Drop the pictures and extract exactly the lines from the one that contains "Milagros del Pilar Castro Cruz" through the end of the material.

● Data excerpt:
● ● ●

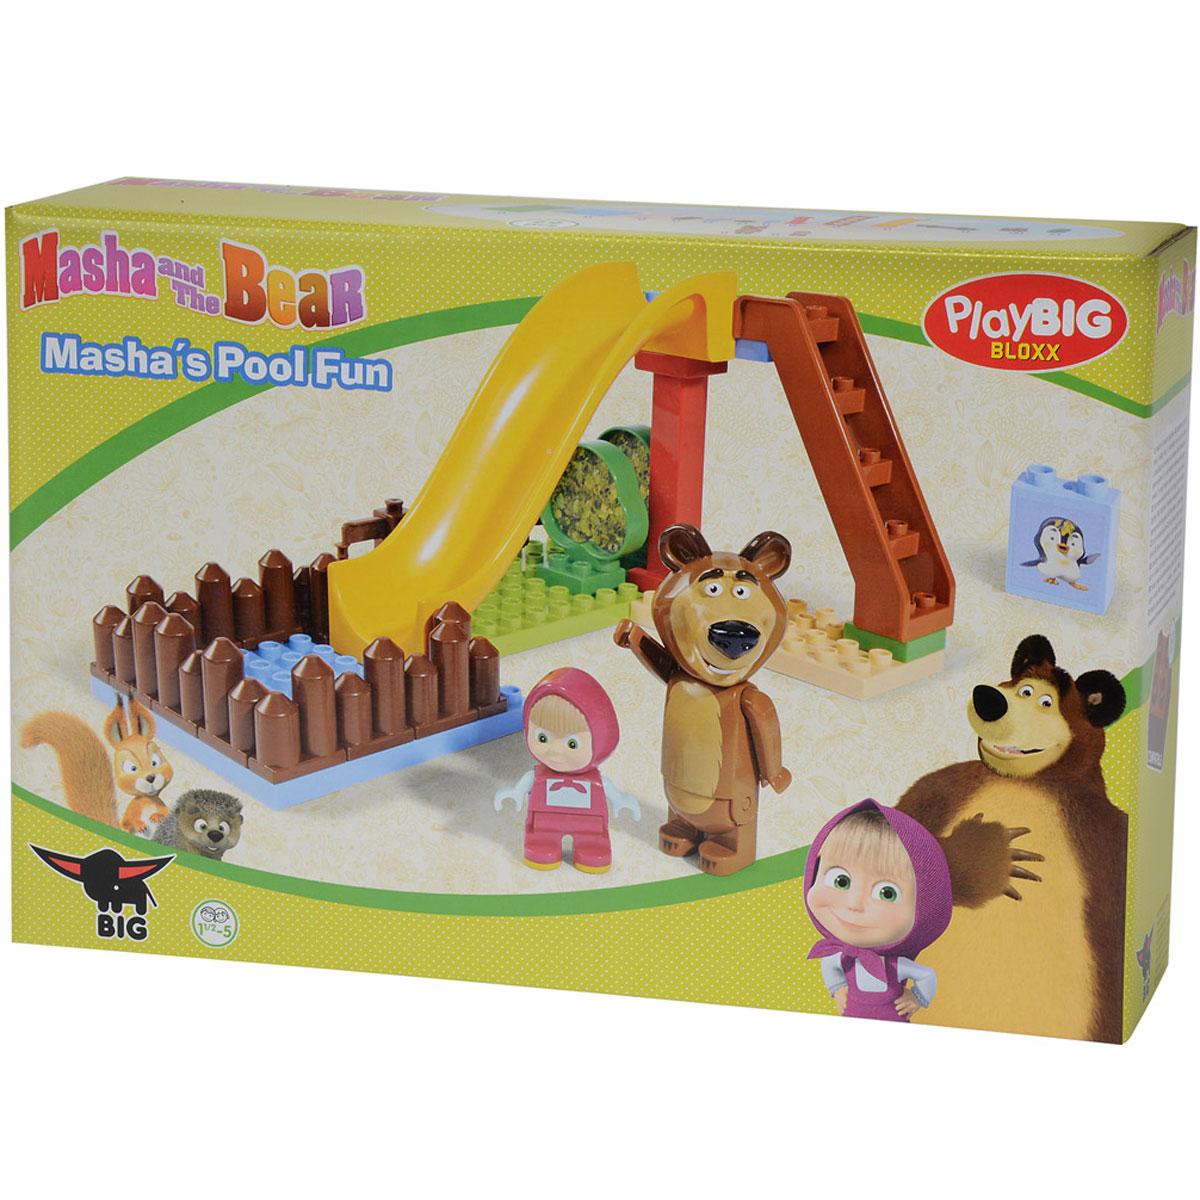 Big Конструктор Маша и Медведь Бассейн800057094Конструктор BIG Маша и Медведь относится к серии, посвященной героям известного мультфильма. Малыши смогут собрать игрушечный бассейн и поиграть с персонажами, воспроизводя сценки из мультфильма или придумывая свои. Особенности игрушки: съемные детали устанавливаются на три прочные основания разных размеров. В комплекте есть фигурки Маши и Медведя с подвижными частями тела, а также деталь с изображением пингвиненка, в наборе предусмотрены лестница, горка и ограда для бассейна. Конструкторы развивают в детях воображение, пространственное мышление, помогают учиться последовательной работе. Конструктор состоит из 29 крупных деталей, изготовленных из прочного нетоксичного пластика. Занимаясь сборкой деталей, дети в игровом режиме учатся сосредотачиваться на выполнении заданий, быть внимательными, аккуратными. Детали конструктора совместимы с элементами Lego серии Duplo.
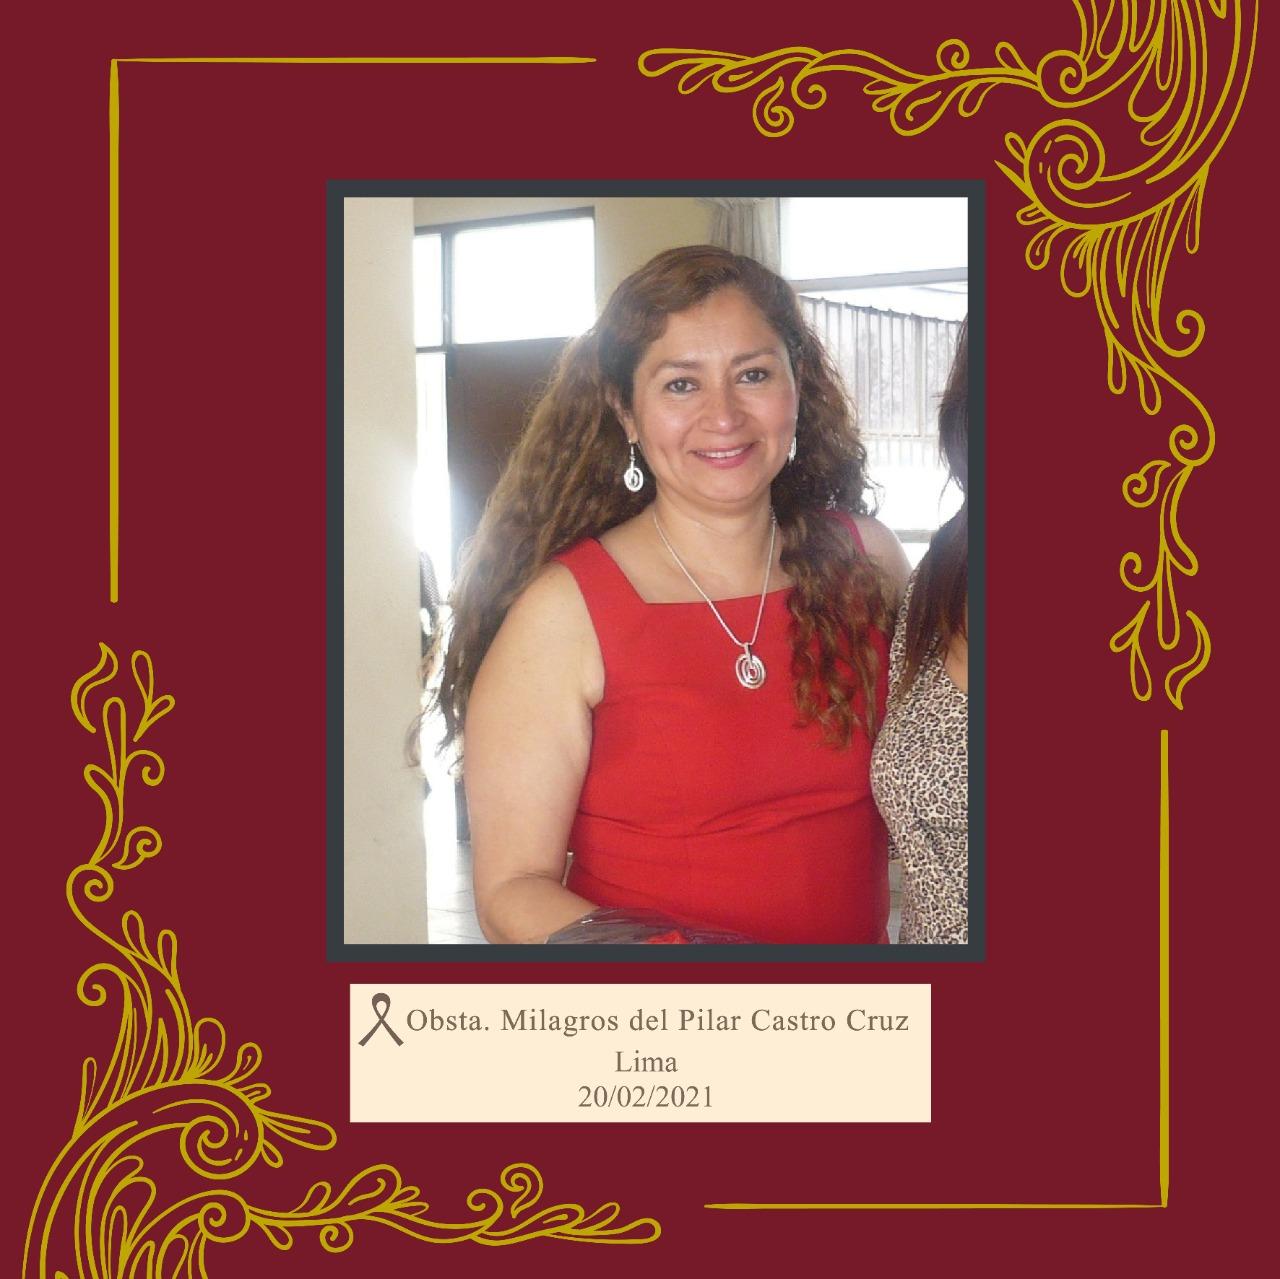 Milagros del Pilar Castro Cruz
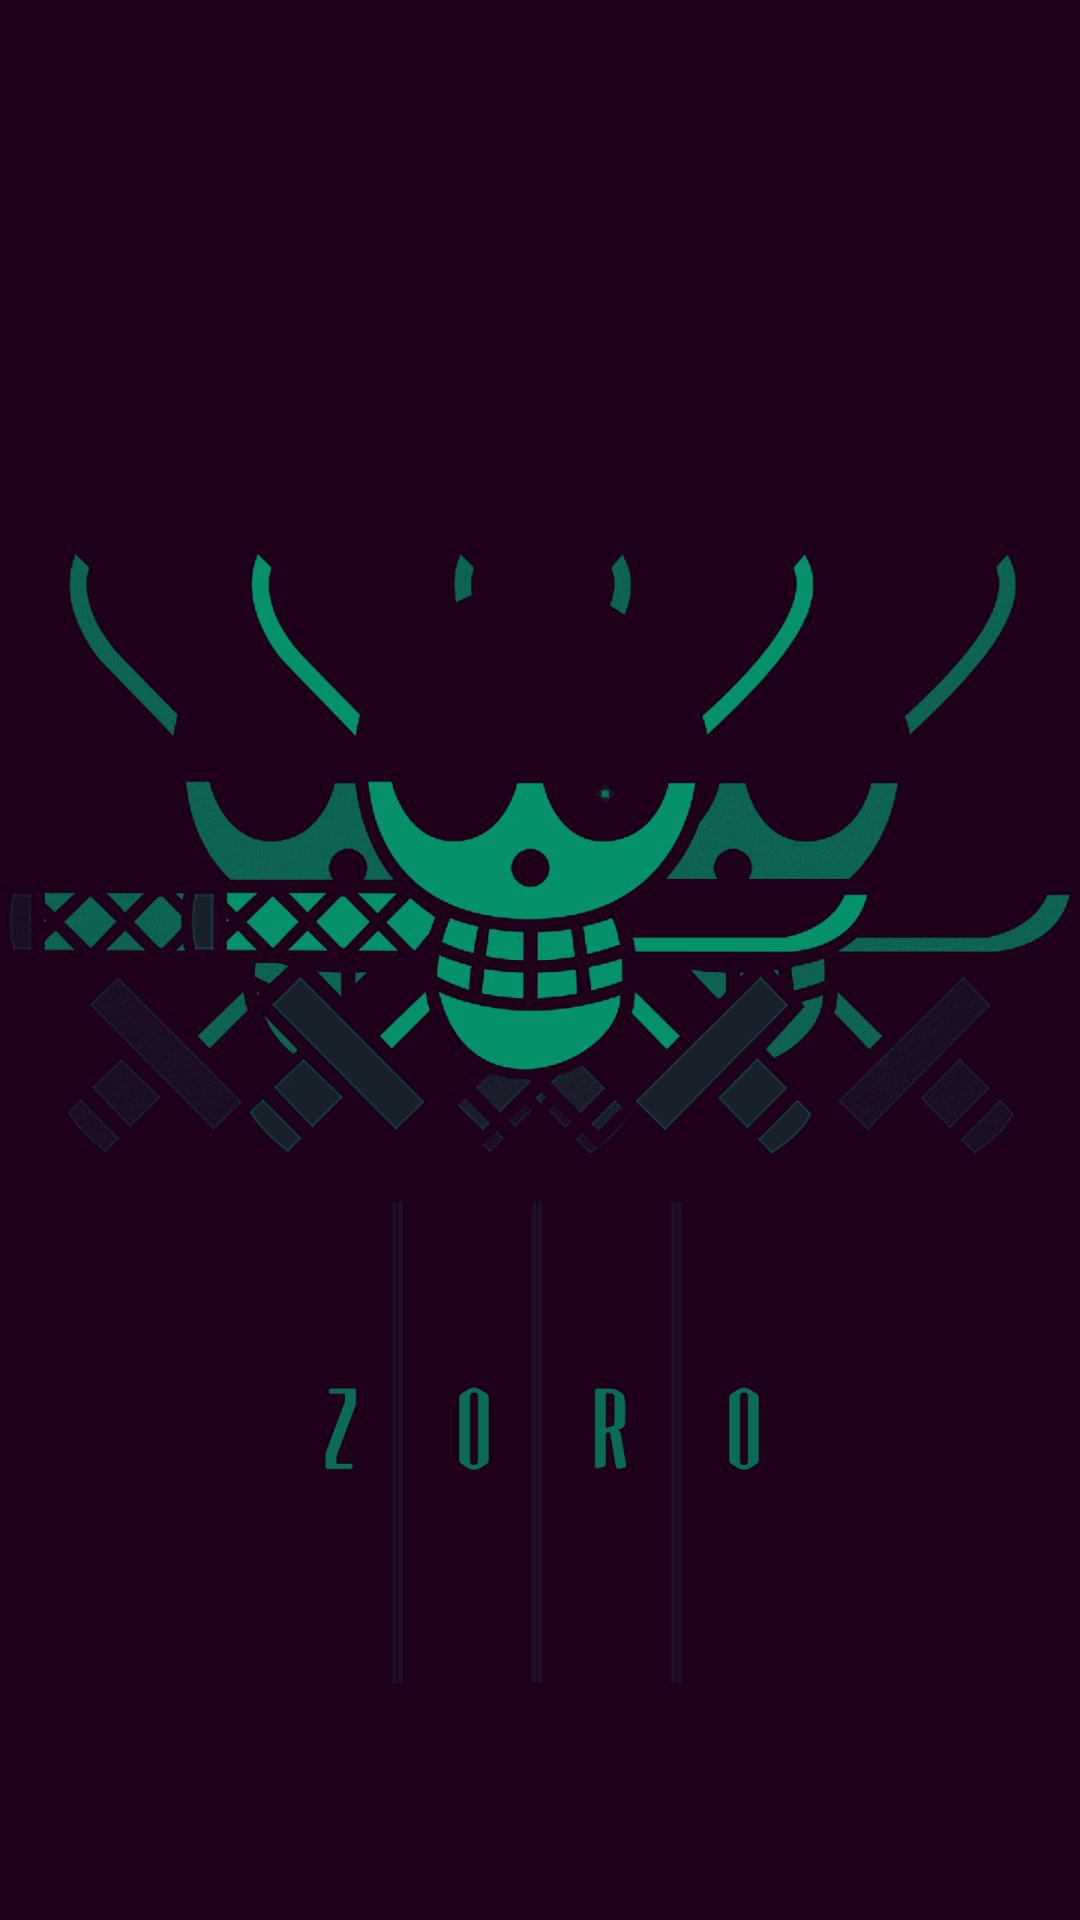 Download 700+ Wallpaper Tumblr Zoro HD Terbaru
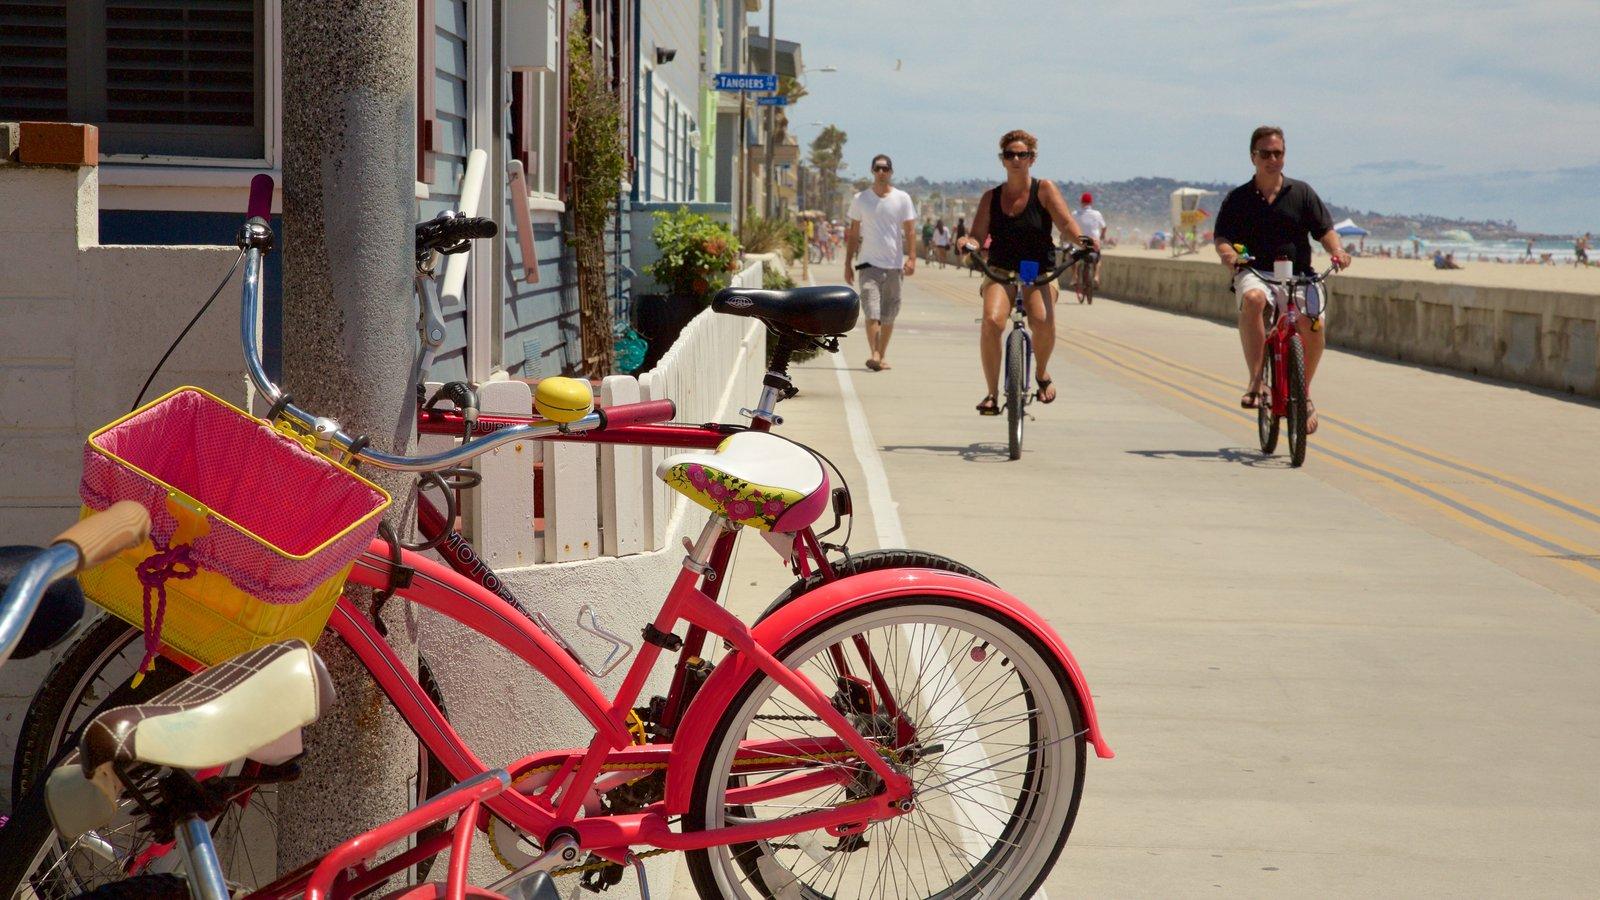 Pacific Beach Park mostrando cenas de rua, uma cidade litorânea e ciclismo

● ● ●

● Response box:
 Milagros del Pilar Castro Cruz
 Download 700+ Wallpaper Tumblr Zoro HD Terbaru
 Pacific Beach Park mostrando cenas de rua, uma cidade litorânea e ciclismo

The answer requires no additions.